Matplotlib

Introduction

Matplotlib is a Python 2D plotting library which produces publication quality figures in a variety of hardcopy formats and interactive environments across platforms. Matplotlib can be used in Python scripts, the Python and IPython shell, the jupyter notebook, web application servers, and four graphical user interface toolkits.

Installation

sudo pip3 install matplotlib

In [12]:
import matplotlib.pyplot as plt
import pandas as pd

You'll also need to use this line to see plots in the notebook:


In [2]:
%matplotlib inline

That line is only for jupyter notebooks, if you are using another editor, you'll use: plt.show() at the end of all your plotting commands to have the figure pop up in another window.

Using global functions

  • plt.bar – creates a bar chart
  • plt.scatter – makes a scatter plot
  • plt.boxplot – makes a box and whisker plot
  • plt.hist – makes a histogram
  • plt.plot – creates a line plot

In [3]:
import numpy as np
x = np.linspace(0, 5, 11)
y = x ** 2

In [4]:
plt.plot(x, y ,'r--')
#plt.plot(x, y ,'b--')


Out[4]:
[<matplotlib.lines.Line2D at 0x7fc3de779e48>]

In [5]:
x = np.arange(5)        
y = (20, 35, 30, 35, 27)
plt.bar(x,y)


Out[5]:
<Container object of 5 artists>

In [6]:
import numpy as np
x = np.linspace(0, 5, 11)
y = x ** 2
plt.scatter(x,y)


Out[6]:
<matplotlib.collections.PathCollection at 0x7fc3de6bb518>

In [7]:
plt.subplot(1,2,1)
plt.plot(x, y, 'r--')
plt.subplot(1,2,2)
plt.plot(y, x, 'g*-');



In [8]:
data = [np.random.normal(0, std, 100) for std in range(1, 4)]
plt.boxplot(data,vert=True,patch_artist=True);



Matplotlib Object Oriented Method

Now that we've seen the basics, let's break it all down with a more formal introduction of Matplotlib's Object Oriented API. This means we will instantiate figure objects and then call methods or attributes from that object.


In [13]:
X = pd.read_csv('Datasets/matplot/X.csv')
Y = pd.read_csv('Datasets/matplot/Y.csv')

In [15]:
import matplotlib.patches as mpatches

In [21]:
fig, axes = plt.subplots(1, 2, figsize=(20,8))

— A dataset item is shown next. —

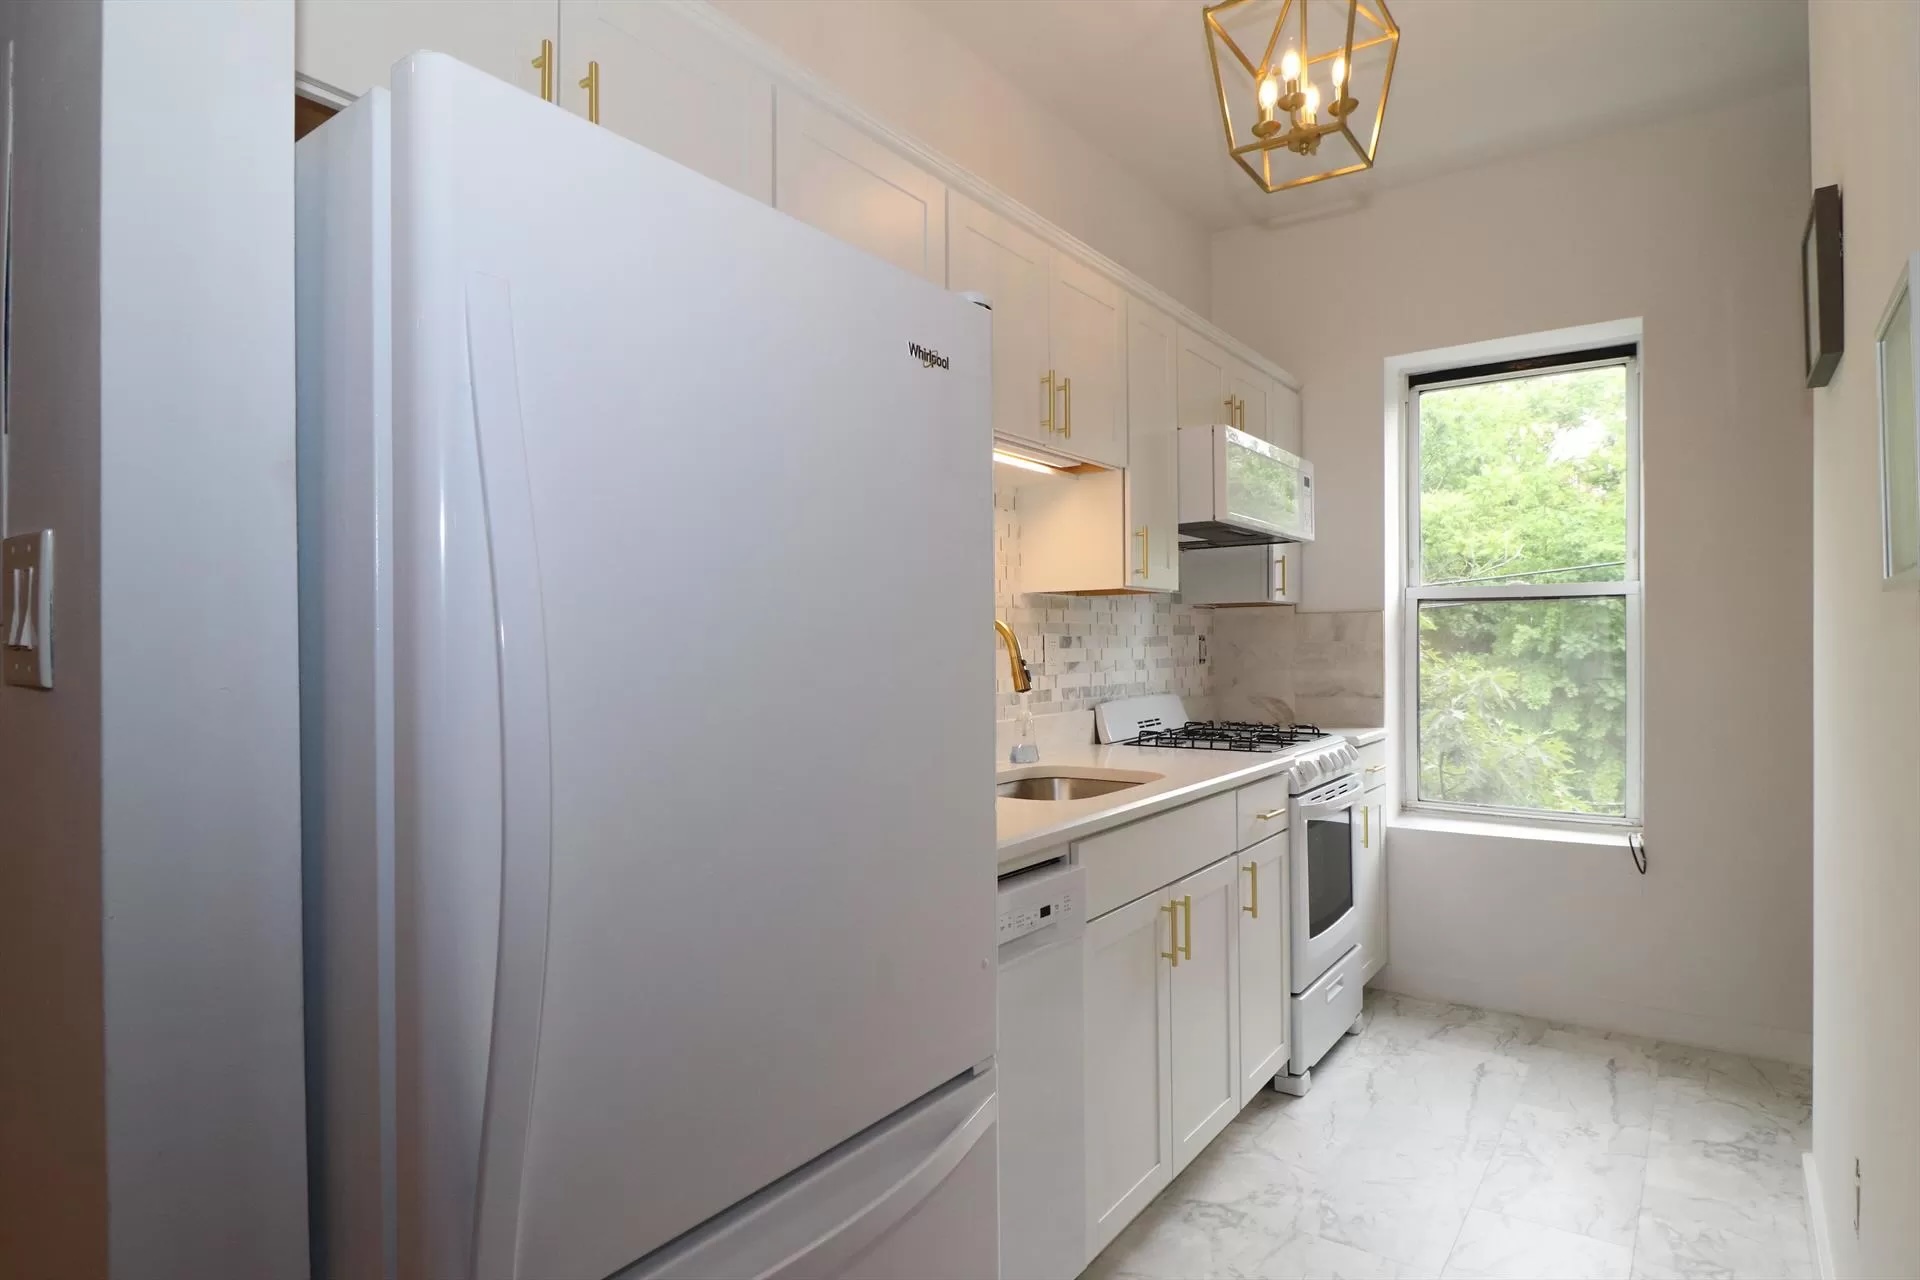 Bright 2 bed / 1 bath apartment with in-unit washer/dryer, central air conditioning, MW and DW. Exposed brick details in main living area.  Just a short distance to PATH Stations and Hamilton Park. Available July 1st.  
Ask for the virtual tour!

axes[0].scatter(X['ENSG00000141448.7'],X['ENSG00000178401.13'], c = Y['0'] , marker='o',cmap = 'jet',s=30)
axes[1].scatter(X['ENSG00000006611.14'],X['ENSG00000106078.16'], c = Y['0'] , marker='o', cmap='jet', s = 30)
## add details
axes[0].legend(handles=[mpatches.Patch(color='red', label='bladder'),mpatches.Patch(color='green', label='colorectal'),mpatches.Patch(color='blue', label='pancreas')],fontsize = 15)
axes[1].legend(handles=[mpatches.Patch(color='red', label='bladder'),mpatches.Patch(color='green', label='colorectal'),mpatches.Patch(color='blue', label='pancreas')],fontsize = 15)
#labelxy
axes[0].set_xlabel('feature1')
axes[0].set_ylabel('feature2')
axes[1].set_xlabel('feature1')
axes[1].set_ylabel('feature2')
#name of figure.
axes[0].set_title("figure 1.2")
axes[1].set_title("figure 1.3")


Out[21]:
Text(0.5,1,'figure 1.3')

In [23]:
import seaborn as sns

Data

Seaborn comes with built-in data sets!


In [37]:
tips = sns.load_dataset('tips')

tips.head()


Out[37]:
total_bill tip sex smoker day time size
0 16.99 1.01 Female No Sun Dinner 2
1 10.34 1.66 Male No Sun Dinner 3
2 21.01 3.50 Male No Sun Dinner 3
3 23.68 3.31 Male No Sun Dinner 2
4 24.59 3.61 Female No Sun Dinner 4

distplot

The distplot shows the distribution of a univariate set of observations.


In [50]:
sns.distplot(tips['total_bill'],bins=30)


Out[50]:
<matplotlib.axes._subplots.AxesSubplot at 0x7fc3c67c5cf8>

In [ ]:

To remove the kde layer and just have the histogram use:


In [55]:
sns.distplot(tips['total_bill'],kde=False,bins=30)


Out[55]:
<matplotlib.axes._subplots.AxesSubplot at 0x7fc3c6634898>

jointplot() allows you to basically match up two distplots for bivariate data. With your choice of what kind parameter to compare with:

  • “scatter”
  • “reg”
  • “resid”
  • “kde”
  • “hex”

In [40]:
sns.jointplot(x='total_bill',y='tip',data=tips,kind='scatter')


Out[40]:
<seaborn.axisgrid.JointGrid at 0x7fc3c703aa58>

In [45]:
sns.jointplot(x='total_bill',y='tip',data=tips,kind='hex')


Out[45]:
<seaborn.axisgrid.JointGrid at 0x7fc3c6a09860>

In [57]:
sns.jointplot(x='total_bill',y='tip',data=tips,kind='reg')


Out[57]:
<seaborn.axisgrid.JointGrid at 0x7fc3c6645eb8>

pairplot

pairplot will plot pairwise relationships across an entire dataframe (for the numerical columns) and supports a color hue argument (for categorical columns).


In [43]:
sns.pairplot(tips)


Out[43]:
<seaborn.axisgrid.PairGrid at 0x7fc3c70402b0>

In [44]:
sns.pairplot(tips,hue='sex',palette='coolwarm')


Out[44]:
<seaborn.axisgrid.PairGrid at 0x7fc3c72f7710>